吞掉大还丹的宣白脸色明显好转,如同白纸染了些红晕,用力抿紧惨白嘴唇,恨恨的回想着那突然冒出来、将他的丹峰,将忘情宗搅得天翻地覆还打伤他的黑衣人,狭长眼眸里翻滚着淬毒似的恨意。
“迟早有一天!我会让他血债血偿!”
“哦,是么。”
他对面坐着个打扮随意,形容略显落魄的男子。
似乎刚从香甜的睡梦中清醒过来,懒洋洋的伸了伸胳膊,掀开车帘往外面看去,“那黑衣人自后山的禁地杀将出来,浑身漆黑鬼气翻涌,与鬼王影刹的气息一般无二,不难猜测其究竟是何身份。”
“你觉得这仙盟,有谁能够与鬼王为敌。”
有谁能与鬼王为敌?
全仙盟最强的忘情宗,在鬼王自禁地出来、杀向山门的途中,共折了三个渡老祖,十余个合体期的大能,往下炼虚元婴期的弟子长老死伤近百人!
他们宗门里近七成的高手都折在那鬼王手中。
即便如此,也没能拦住鬼王出忘情宗的脚步!
忘情宗此时已经名存实亡,宣白凭什么让鬼王血债血偿?余茗将手枕在脑后,斜眼去看对面脸色不断变换的人,打着哈欠懒洋洋的问道。
“宣白,这些年来,你后悔过吗?”
宣白咬紧牙根,面色凶狠,“我有什么可后悔的?!”
他一动怒便会牵扯到胸口脏腑的伤口,疼得直恨不得以头撞地,却仍旧容不得余茗这般质问他,“你算个什么东西,不过是个跟我争峰主之位失败、落荒而逃出走忘情宗的丧家犬而已!你有什么资格坐在这里质问我。”
余茗嗤笑一声,“是呀,我不过是个丧家犬。”
“可你这位向来厉害无比,只想着赢,从来只做人上人的丹峰峰主,怎么到最后竟沦落到无人敢信、无人敢用,还得靠着师父当年于我的恩情,强召我回忘情宗带你来玉城求药的地步呢。”
宣白气极,猛地将手边半套茶具挥落到地。
瓷器砸向车厢底部,瞬间便破碎成许多细碎瓷片,向四周弹射而去,余茗懒洋洋的翻了个身,避开那些激射而来的碎瓷片。
“我劝你省点力气,免得将自己气死不划算。”
宣白被他气得浑身颤抖,双眼紧闭不发一言。
车内沉默延续了片刻,余茗却再睡不着。
径直由斜躺的动作坐而起,撩着厚重的黑色窗帘往外看了眼,姿态悠闲的跟宣白搭话,“刚刚拦我们车的那两具傀儡武士,你可看出来是何来历?”见其仍沉默着不愿说话,余茗轻轻的笑出了声,“那是月梧的作品。
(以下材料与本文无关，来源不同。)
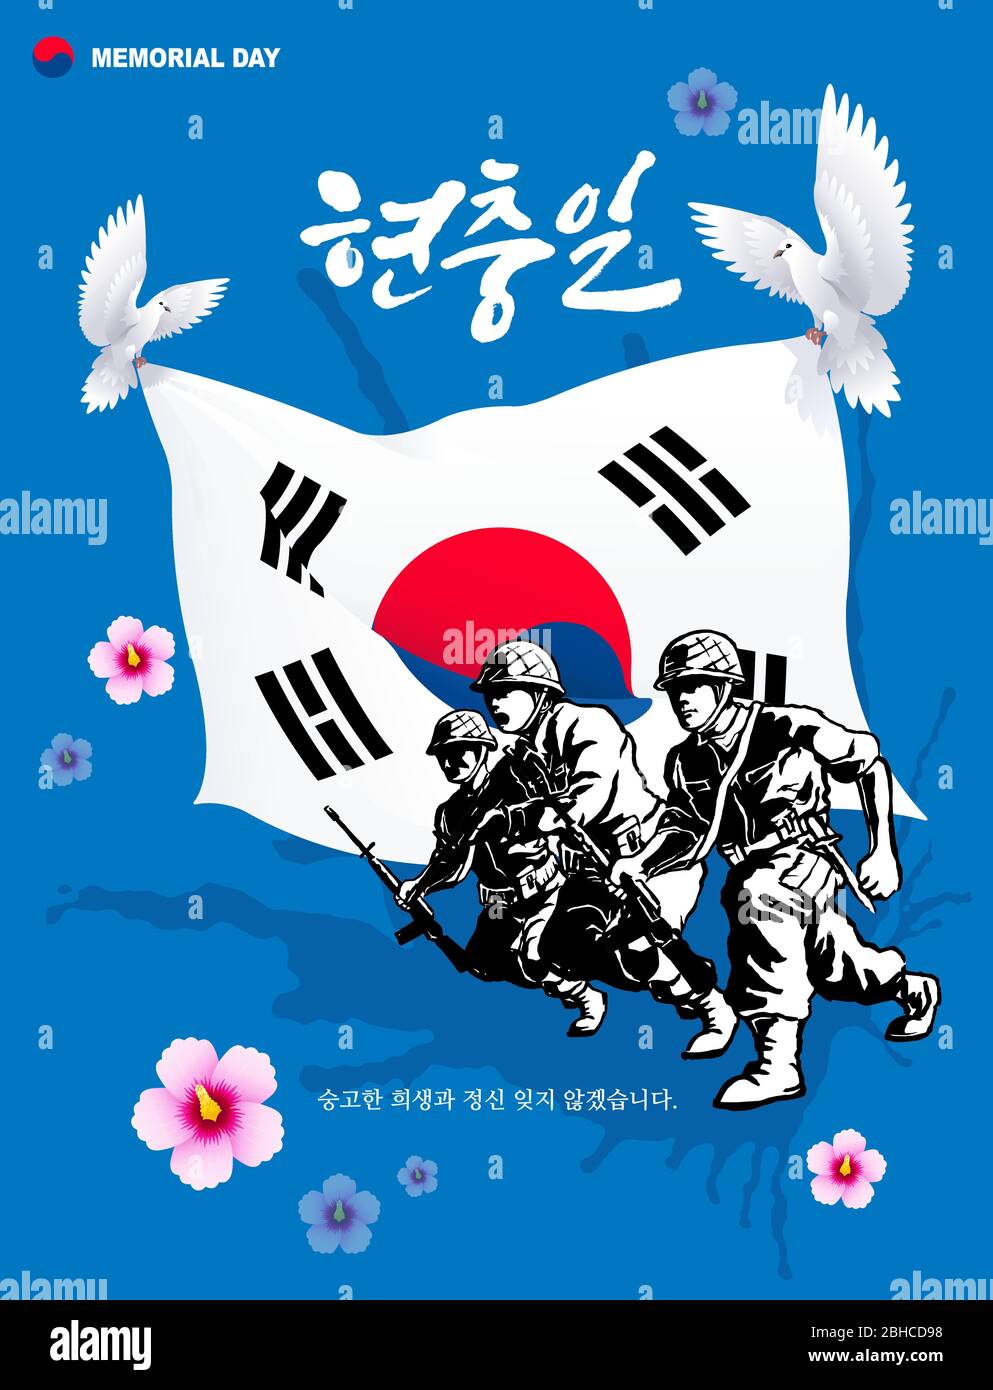 Memorial Day in Korea. Taube und flatternd Taegeukgi, Koreanischer Krieg tapfere Soldat Konzept Design. Koreanischer Memorial Day, Koreanisch Übersetzung. Stock Vektor

”
“月梧你知道吧,那个仙盟第一傀儡师。”
马车轻微颠簸着继续往前,余茗撑着车窗看着外面繁华的玉城,继续漫不经心的的说道,“或许你未曾听过月梧的名号,但你肯定听过他待的地方。”
他放下车帘,看向宣白,“仙盟首富揽月城。”
宣白紧闭的眼皮略颤了颤,拧着眉头张开了眼睛,“你什么意思?!”
“没什么意思,就想跟你唠唠嗑,毕竟咱们自你继承丹峰峰主之位后,也有好些年不曾见过面了。”余茗靠着车厢,随着马车前进的动静轻轻摇晃着,嘴角瞧着抹暗藏讽刺的笑容。
“虽不曾见面,倒听过你不少事迹,例如……”
他慢悠悠的开口道,“当年揽月城那位二爷,为了求到师叔留下的落仙桃残枝,被你要求拿深海魔蛟的内丹去换,带着人亲自下深海斩杀魔蛟,千难万险、九死一生,差点把命留在深海里魔蛟的爪下。”
“如今月梧的傀儡现身玉城,李观棋十有八九也在。”
余茗活动着手脚,说着自己的猜测。
笑吟吟的问他,“你猜李观棋此次是为何而来,或者你再猜猜,以揽月城的豪富和李观棋对你的印象,他若是知晓你来玉城是为拍玉髓续命,他会不会让玉髓落到你手里。”
宣白自小便骄傲自负,最不愿意屈居人下。
自从被带回丹峰后最是看不惯他,为此不惜假意跟孔雀交好,借此讨好他们那位清焰师叔,最终靠着从师叔那里得来的丹方胜过他,登上丹峰峰主之位,却仍旧对现状不满意。
因为丹峰峰主之上,他们忘情宗还有宗主。
宣白要的,远不止是丹峰峰主之位。
他要的是整个忘情宗、乃至整个仙盟在他跟前低头,为此他不惜在他们前任宗主逝世,伍师伯葬身于无边渡口之后,跟妖族少主孔雀勾结,合谋演了出精彩纷呈、足够将清焰师叔名声尽毁,将他们宗主一脉拉下神坛的好戏。
当时余茗已经因其成为丹峰峰主而远走他乡。
隔了好几年才从散修口中知晓此事,当即便认定此事定是宣白和孔雀共谋,佩服两人心狠果决的同时,不免有些心疼他那位温柔似云间皎月的师叔。
他那般真心实意的待他们,却被其联手背叛。
若那位师叔知晓真相,该是多么难以置信。
——可惜,他远在万里之外,对宣白的小动作不甚了解,也没有能帮其洗刷冤屈的证据,便是想插手也毫无办法。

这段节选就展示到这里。